*Try it:* Quote the data below in full, minus the images.

*Stored data:*
◇ ◇ ◇ ◇ ◇ ◇ ◇
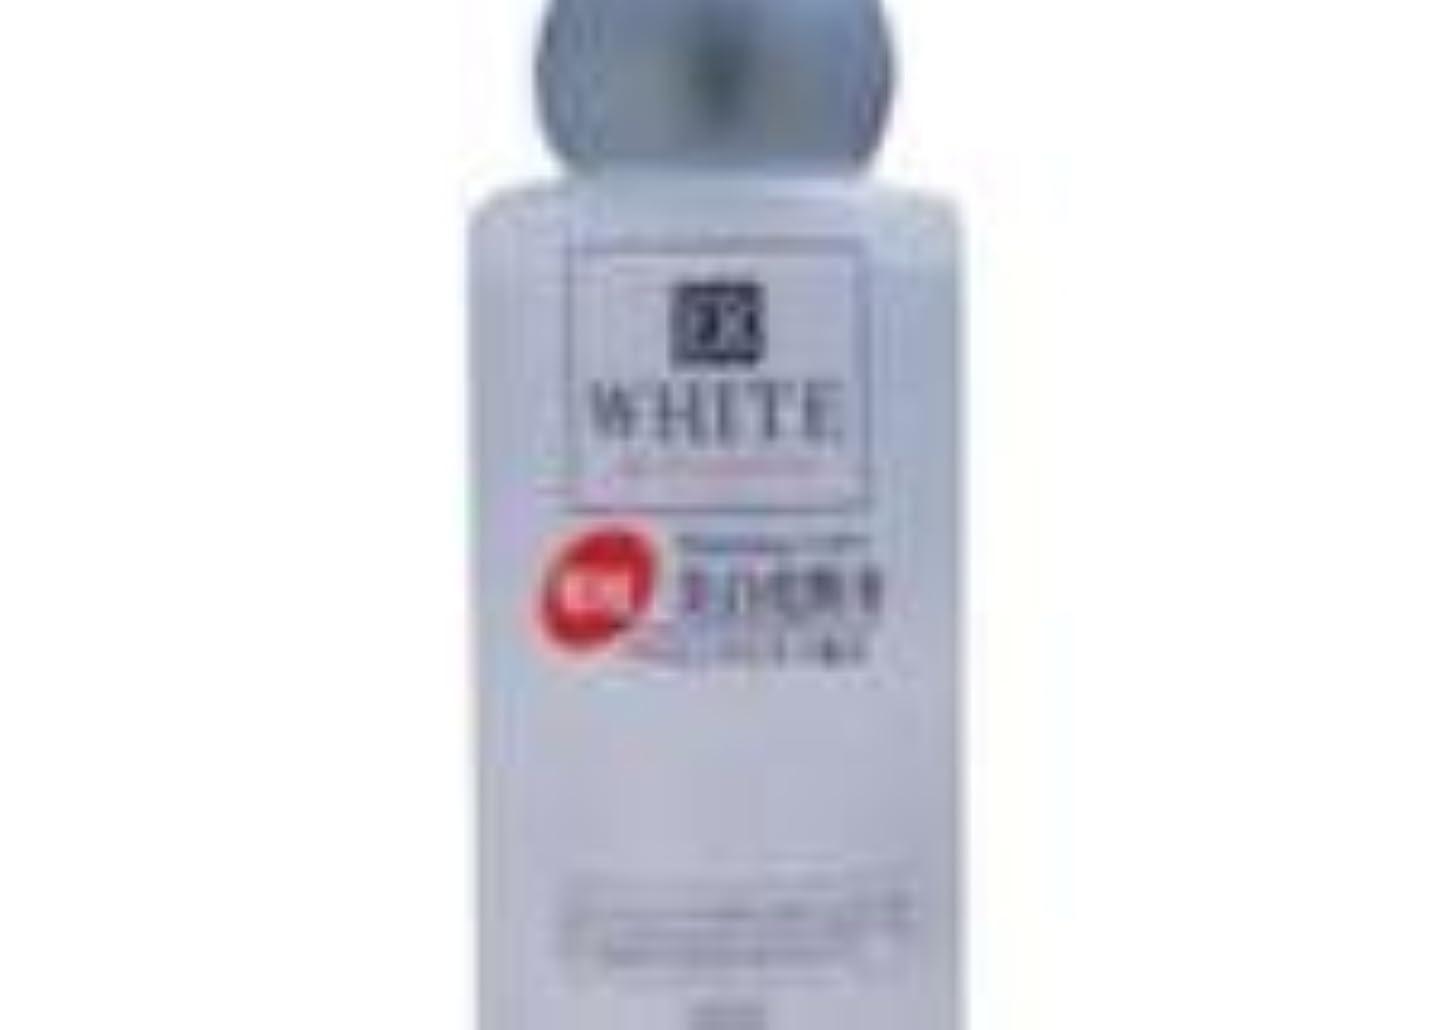 確認してください風邪をひくのぞき穴ダイソー ER ホワイトニングローションV 薬用美白化粧水 120ml
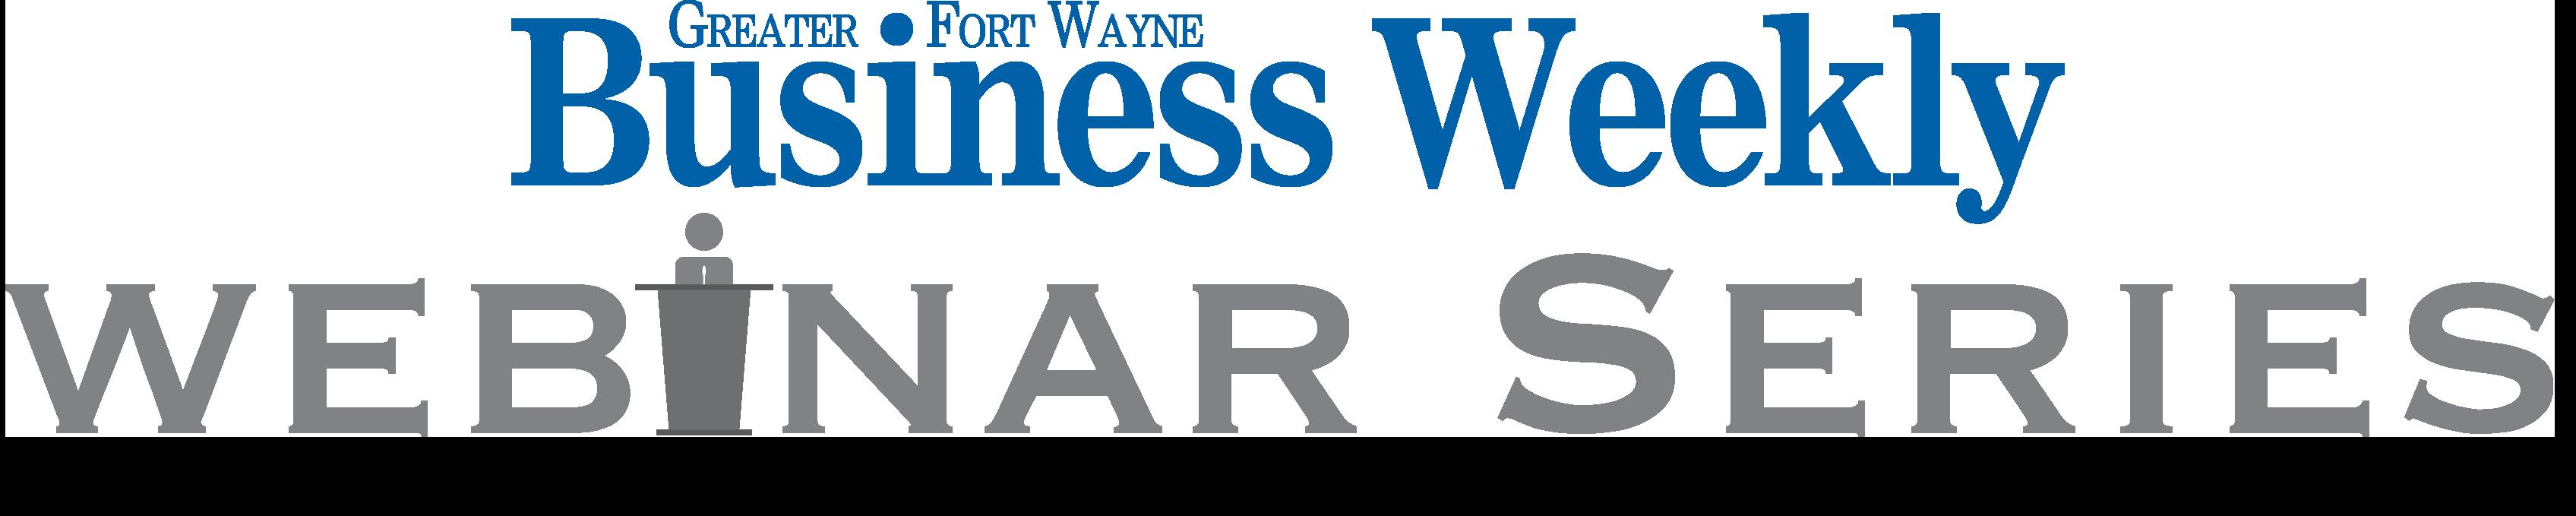 WebinarSeries_4C
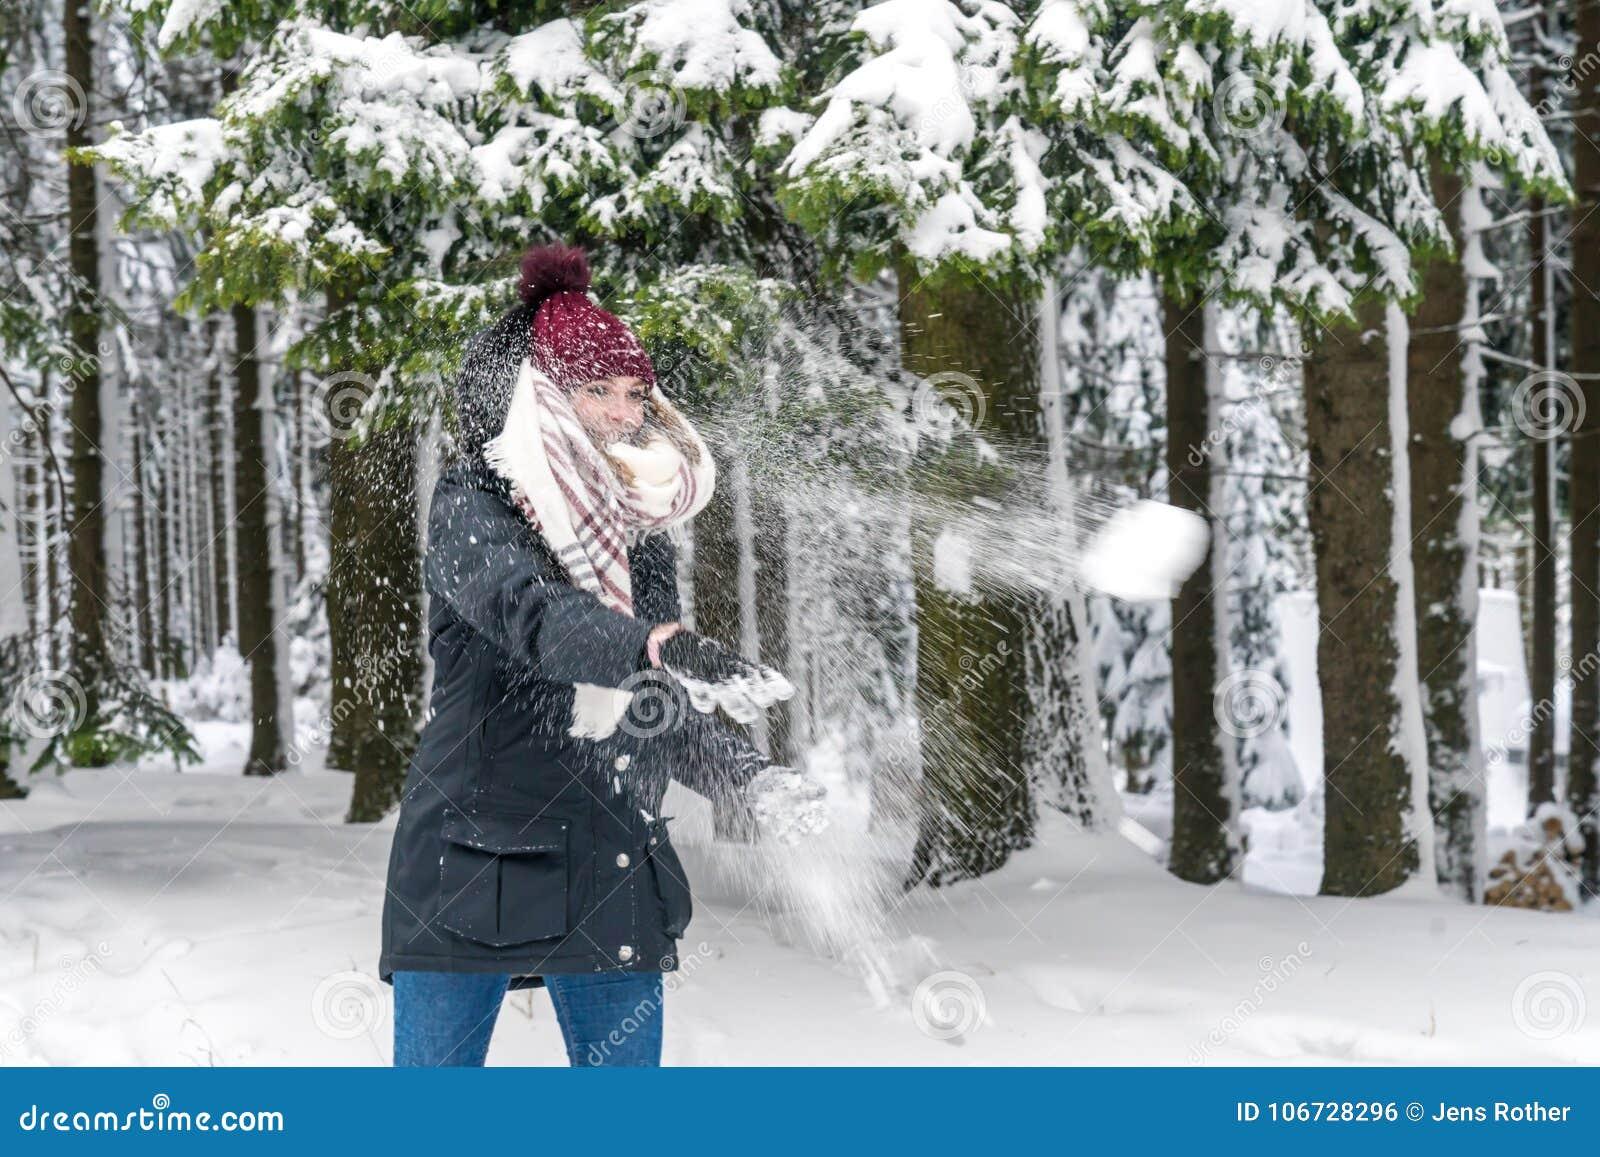 Молодая женщина бросает снежный ком
◇ ◇ ◇ ◇ ◇ ◇ ◇
*Solution to this task:*
 確認してください風邪をひくのぞき穴ダイソー ER ホワイトニングローションV 薬用美白化粧水 120ml
 WebinarSeries_4C
 Молодая женщина бросает снежный ком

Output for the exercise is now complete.